If the Regional Court found that the complainants’ statements were sufficiently credible to serve as the main evidence proving the defendants’ guilt, they were also sufficiently credible to enable the Regional Court to decide on the claim for compensation for other than proprietary harm on the same basis (in addition to other evidence submitted by the complainants). It is unacceptable for the courts to “use” the testimony of the injured person, in this case a victim of a crime, as the fundamental basis to decide on guilt, but at the same time not to grant the victim at least to some extent a claim for harm compensation that can be inferred from the very same testimony. 

The Regional Court subjected the complainants to impermissible secondary victimisation. The civil procedure to which the complainants were referred does not guarantee the same level of protection to victims of crime as the procedure under criminal law. As a result of the Regional Court’s decision, the complainants would face in the civil proceedings, unnecessarily and for a second time, the persons who have been finally convicted of a crime committed against the complainants, but now without any protection of their privacy or personal data. 

General courts have a duty to seek to fulfil the conditions for the award of compensation for damage or other than proprietary harm, especially in cases involving particularly vulnerable victims.
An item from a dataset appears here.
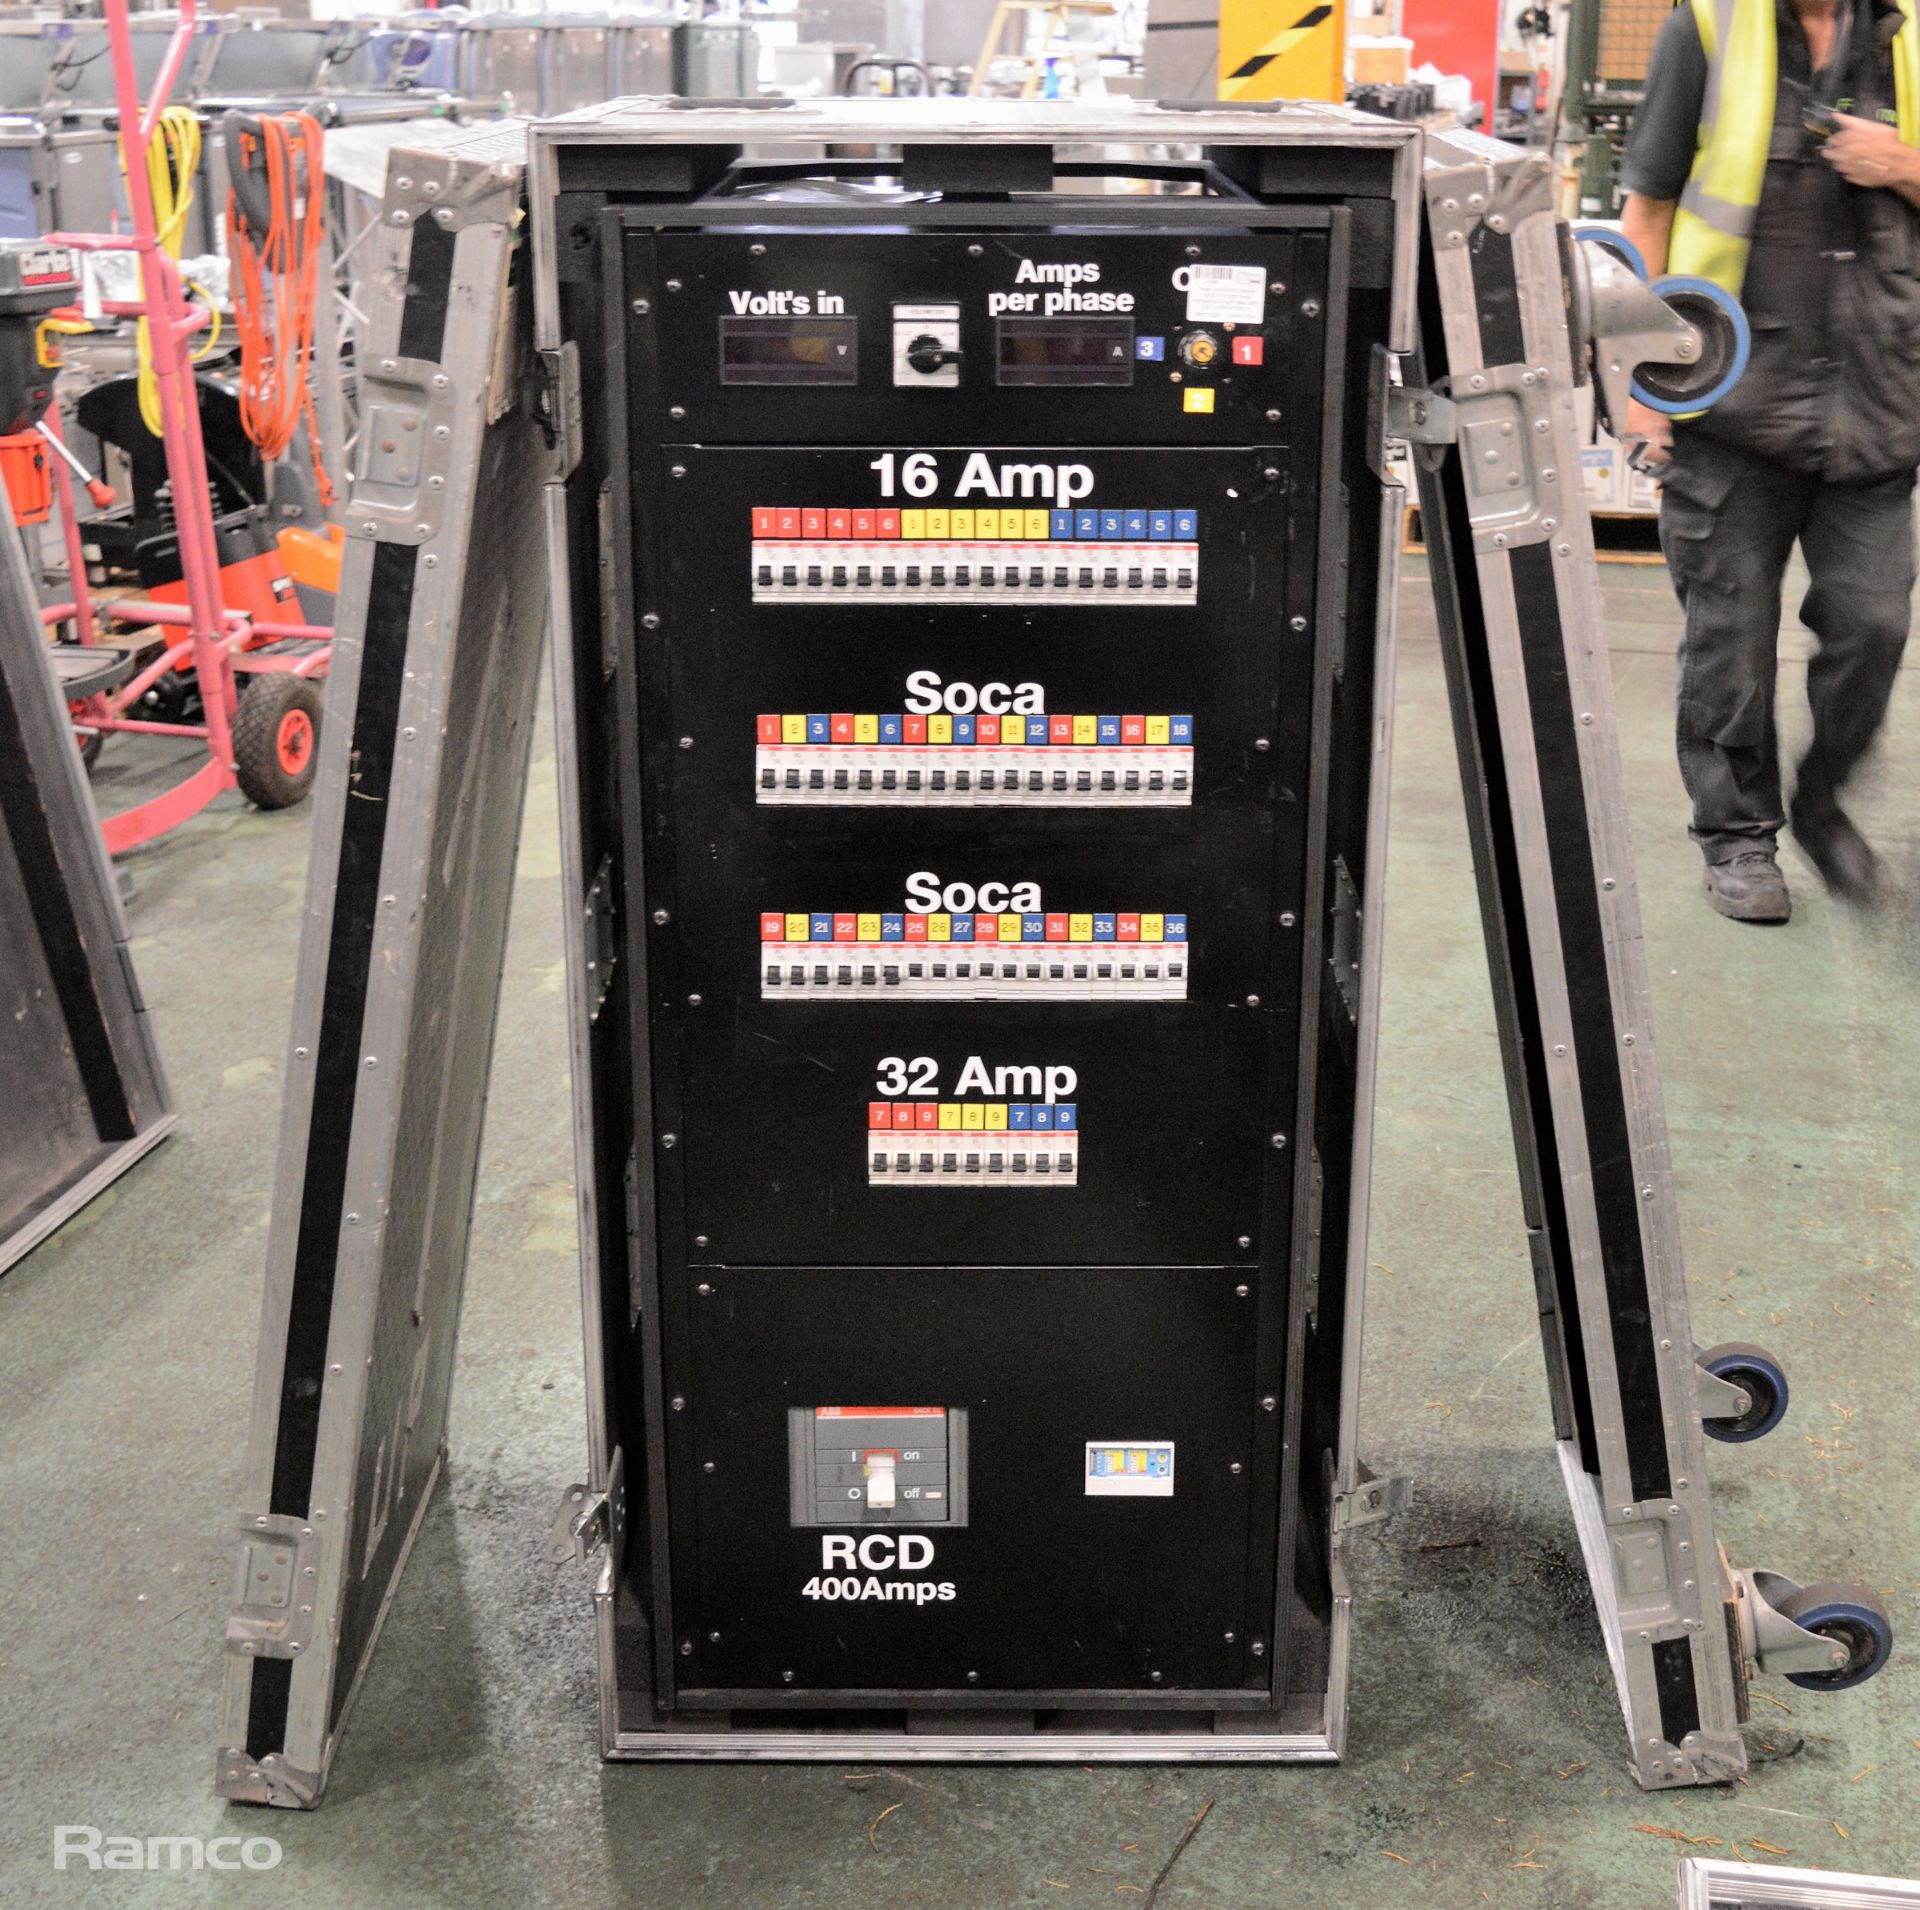 Power distribution cabinet 16/32 Amp with Soca connectors & flight case 240V, L62 x W86 x H130cm - Image 3 of 5

It is the duty of the general court to prevent secondary (or even tertiary) victimisation of victims of crime, which it can do by deciding on the award of an adhesion claim, which the victim then no longer has to pursue in civil proceedings. The procedure of the general court, where it arbitrarily disallows the adhesion claim, although the legal conditions for the claim are met, is a violation of the constitutionally guaranteed right of the victim to a fair trial and judicial protection and, in connection with this, a violation of the constitutionally guaranteed rights to the inviolability of the person, their privacy and the protection of human dignity and honour.